I've setup a wcf service with duplex communication and it works well
for one way functions. i.e. my contract looks a bit like this
[ServiceContract(SessionMode=SessionMode.Required,
CallbackContract=typeof(ILogMessaging)]
public interface IMyContract
{
[OperationContract(IsOneWay=true)]
void DoSomething();
}
The implementation of DoSomething() invokes the callback of
effectively sends back a log message to the client, and it all works
nicely, the message appears at the client.
The problem is when I want to put in a function that returns a value
and uses the callback. So, for example:
[OperationContract]
DateTime WhatIsTheTime();
with implementation:
DateTime WhatIsTheTime()
{
Callback.LogMessage("you asked for the time");
return DateTime.Now;
}
The client ends up timing out, and throws a timeoutexception. I've
read that because the service is single-threaded you get a deadlock
situation where client and server are both waiting for each other to
finish, so I guess this is what is causing the timeout.
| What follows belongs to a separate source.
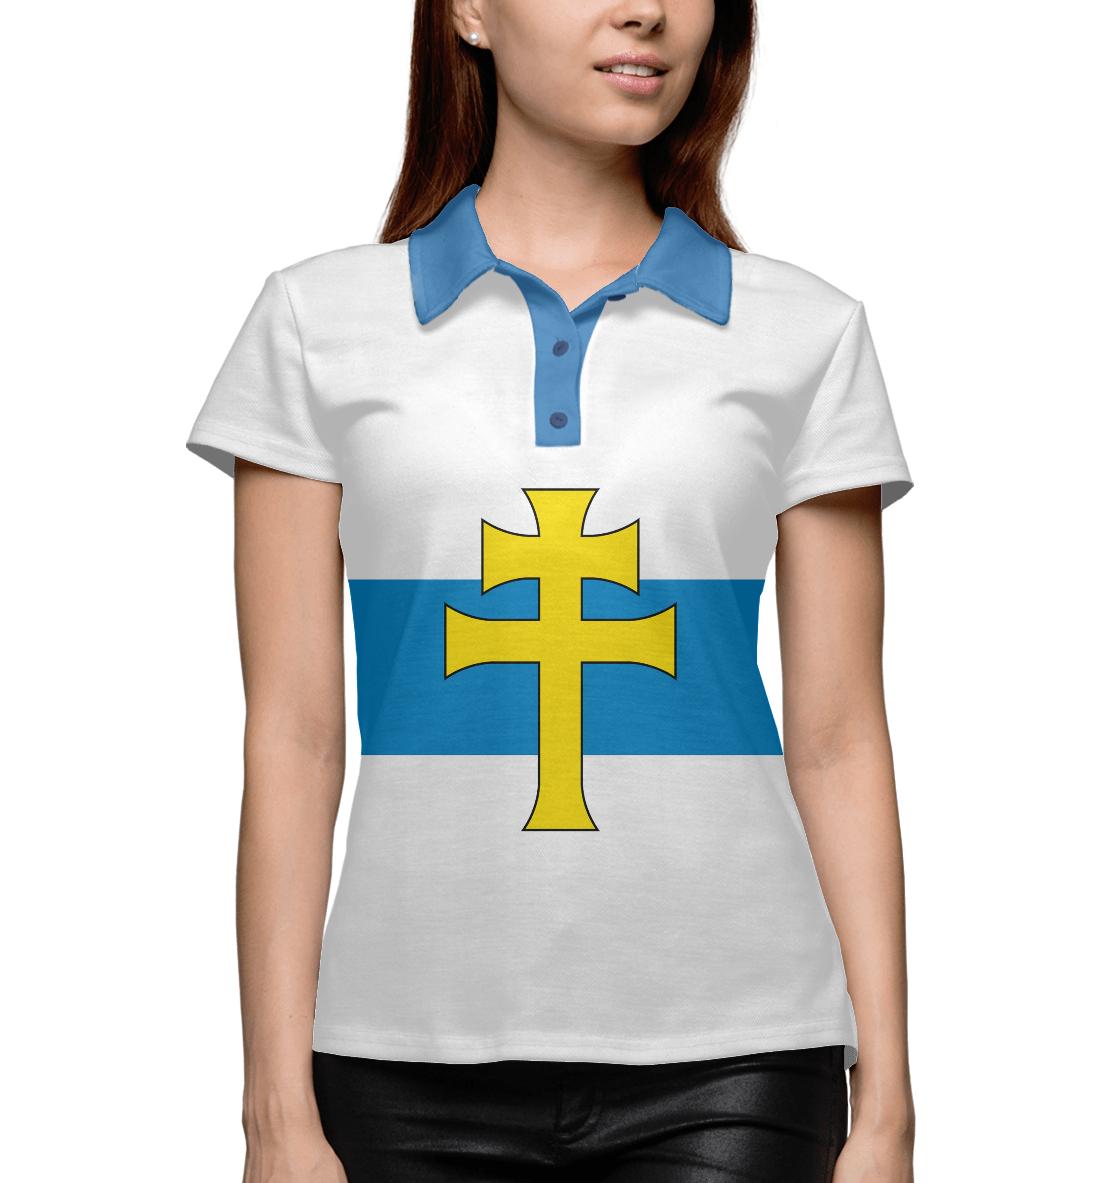 Купить Флаг Вейшнории, Printbar, Поло, FLG-647382-pol-1
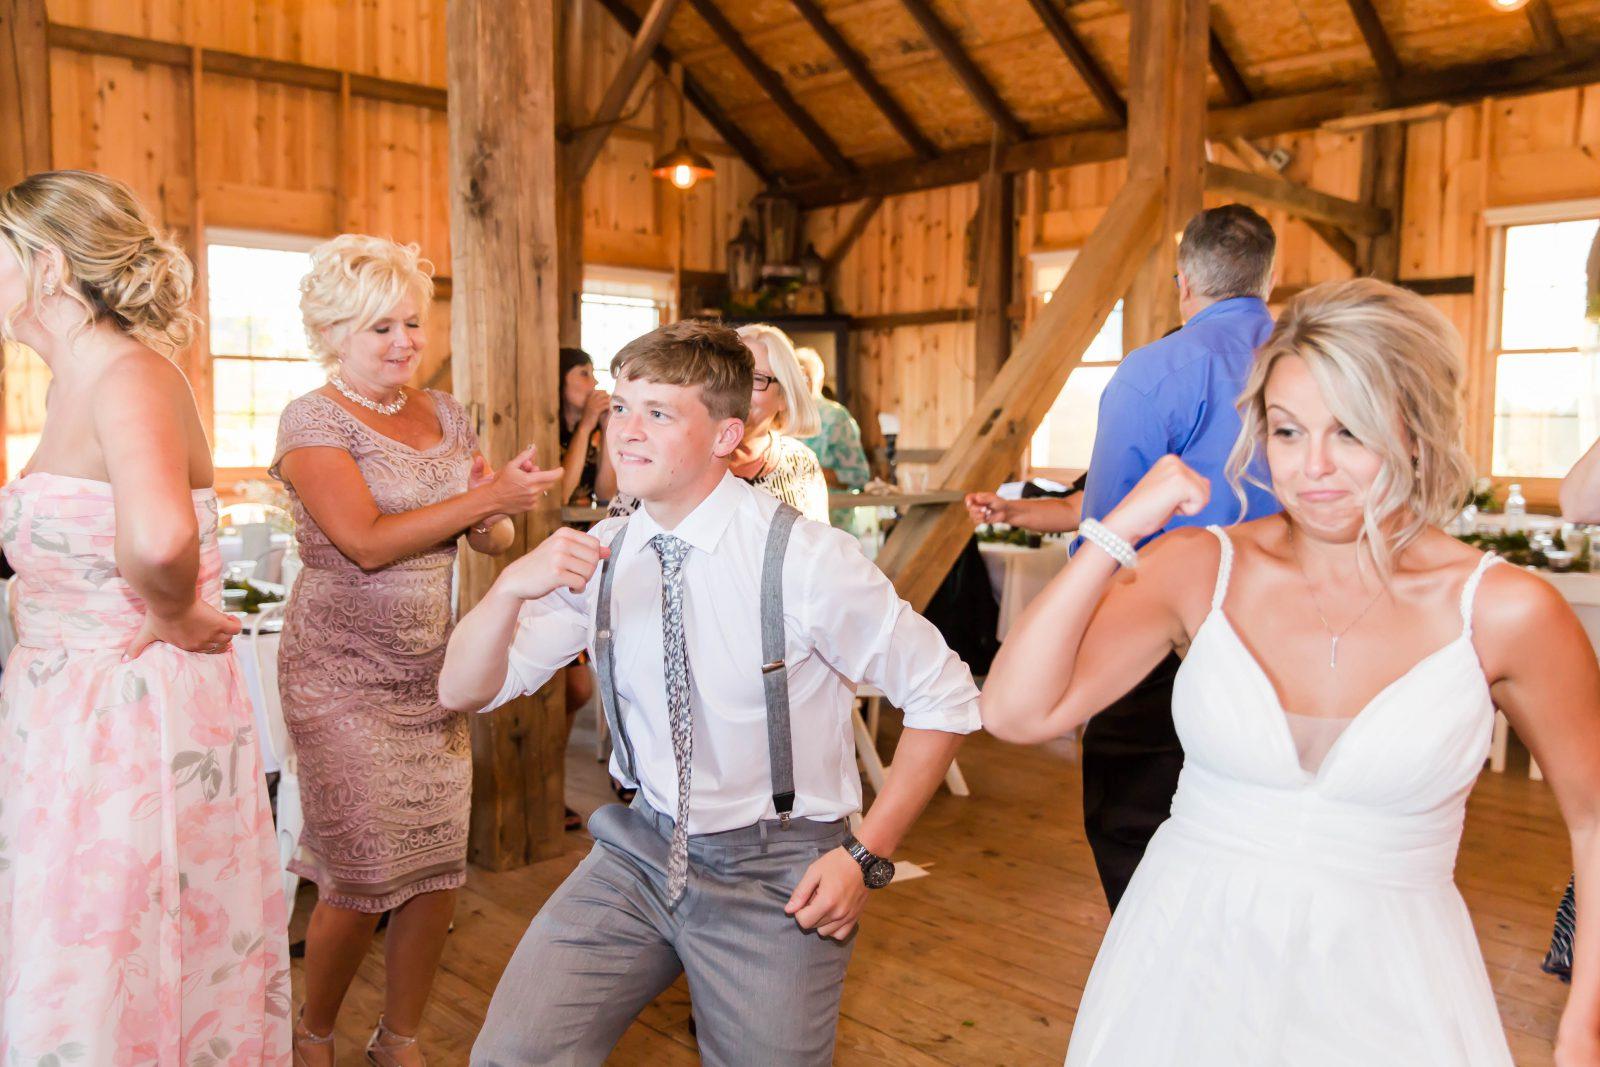 peacock-ridge-summer-wedding-photographer-akron-ohio-loren-jackson-photography-111

The solution
they say is to set the concurrency behaviour to Reentrant or Multiple.
But I don't understand this. I've set my callback function to
IsOneWay=True, and besides, when debugging I can see that execution
moves past the Callback statement. So I don't know what the client is
waiting for. I've tried changing the concurrency behaviour to
Reentrant or Multiple, but that didn't make any difference (was i
doing it wrong?)
Is there a way around this, or is it not possible to have this type of
behaviour? Am I trying to have my cake and eat it?